BEGIN
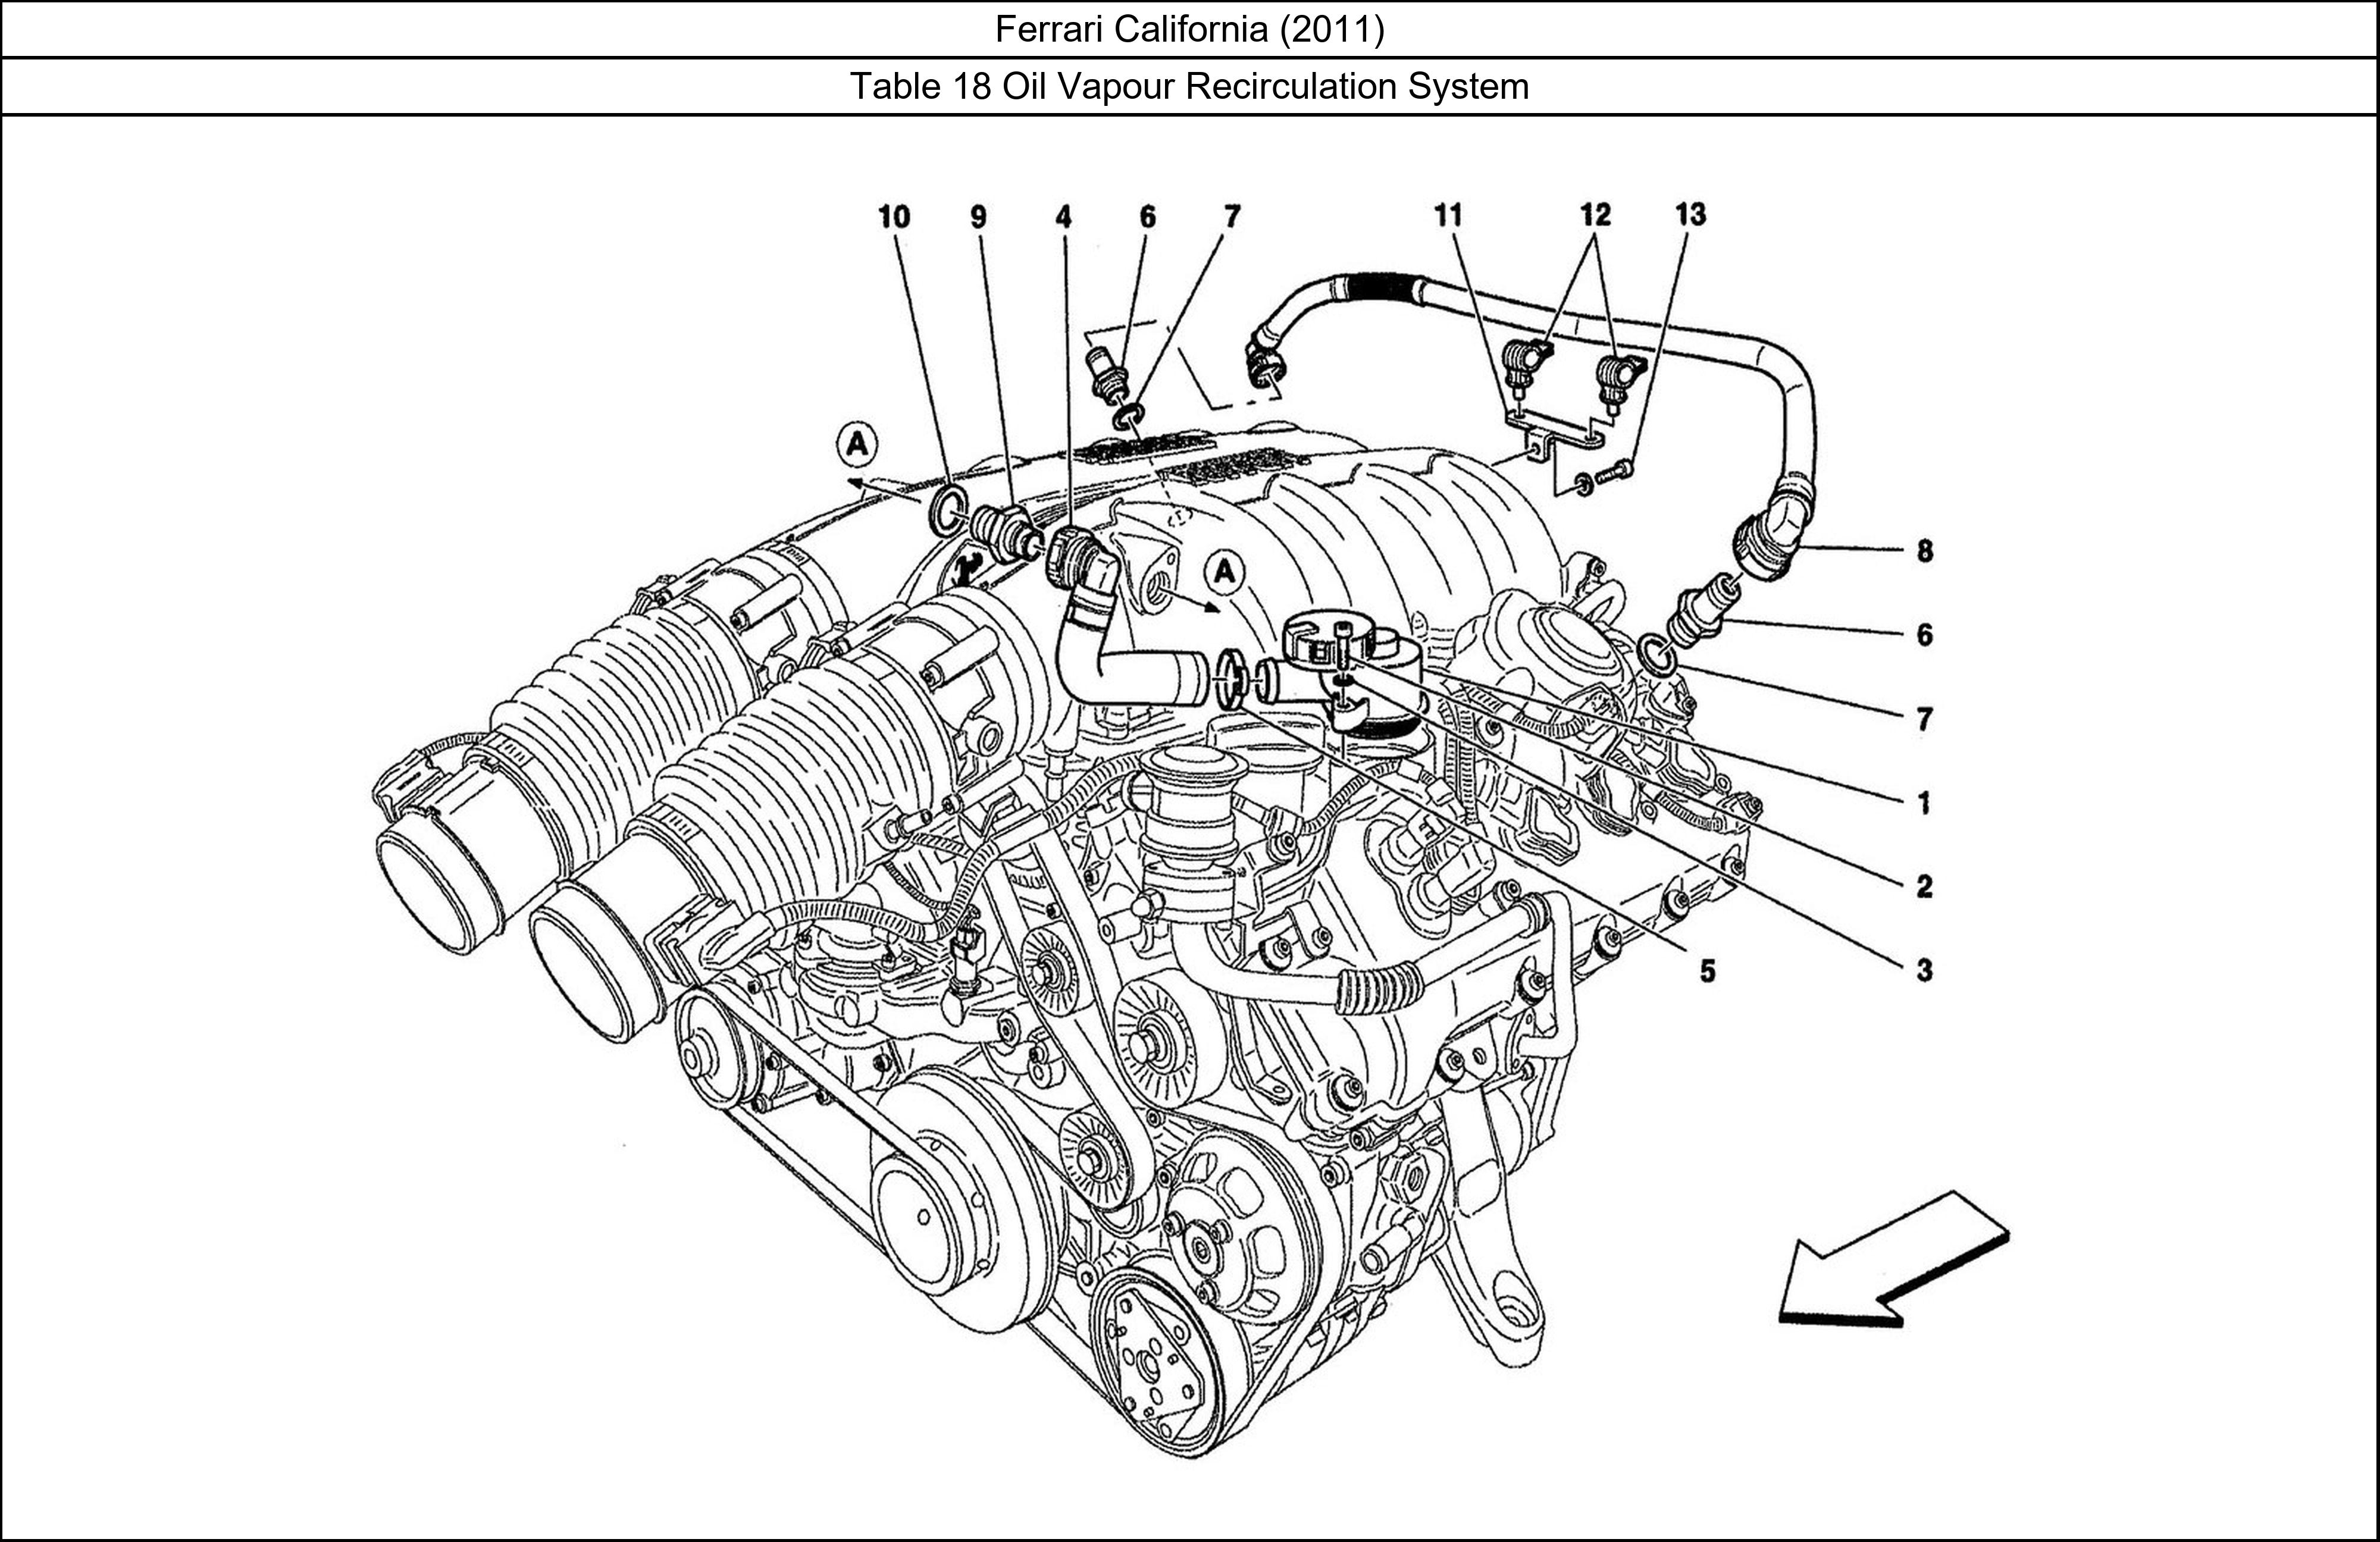 Ferrari Parts Ferrari California (2011) Table 18 Oil Vapour Recirculation System
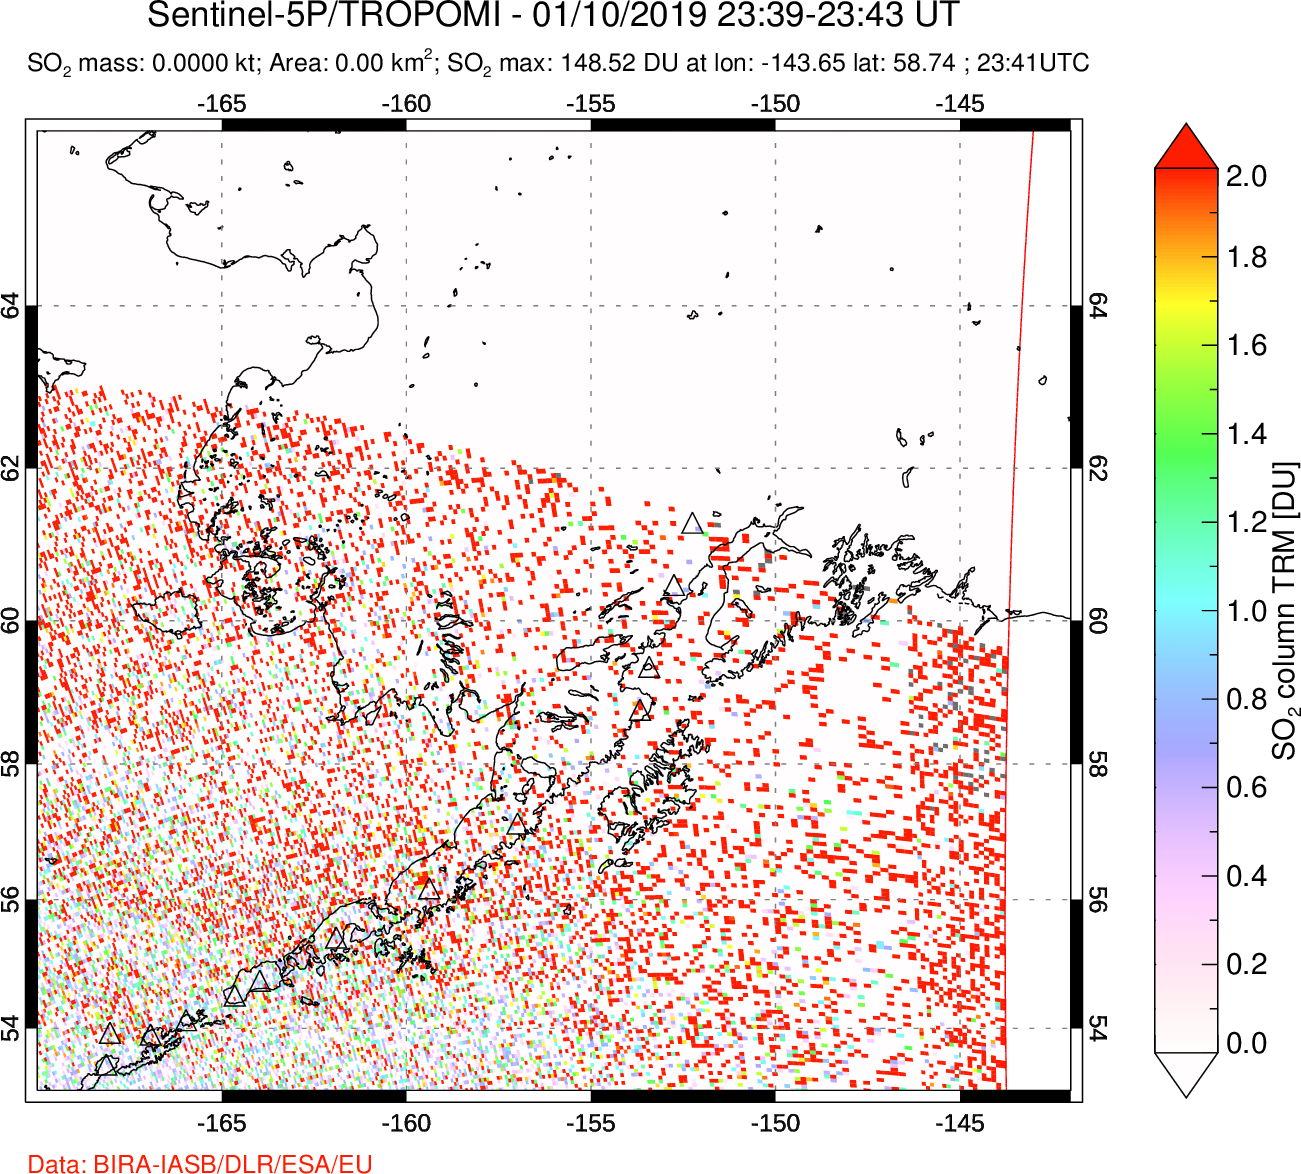 A sulfur dioxide image over Alaska, USA on Jan 10, 2019.
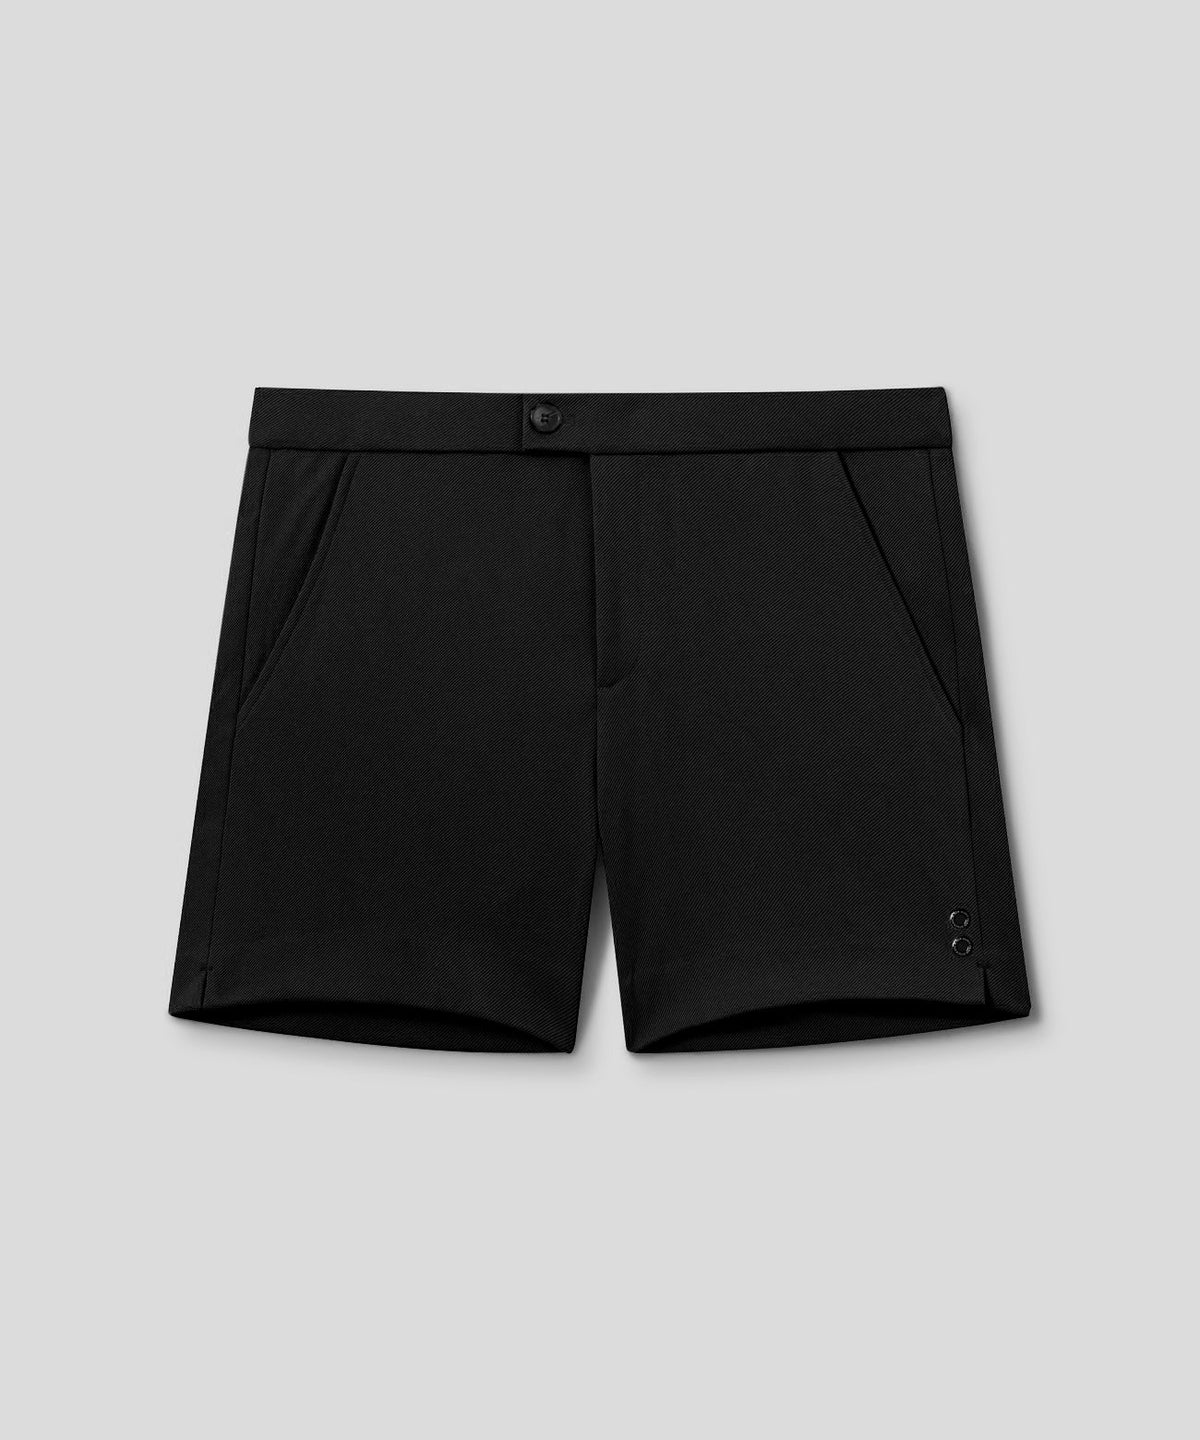 RD Tennis Shorts: Black
END
Word-for-word transcription: the whole listing, with images excluded.

 Ferrari Parts Ferrari California (2011) Table 18 Oil Vapour Recirculation System
 A sulfur dioxide image over Alaska, USA on Jan 10, 2019.
 RD Tennis Shorts: Black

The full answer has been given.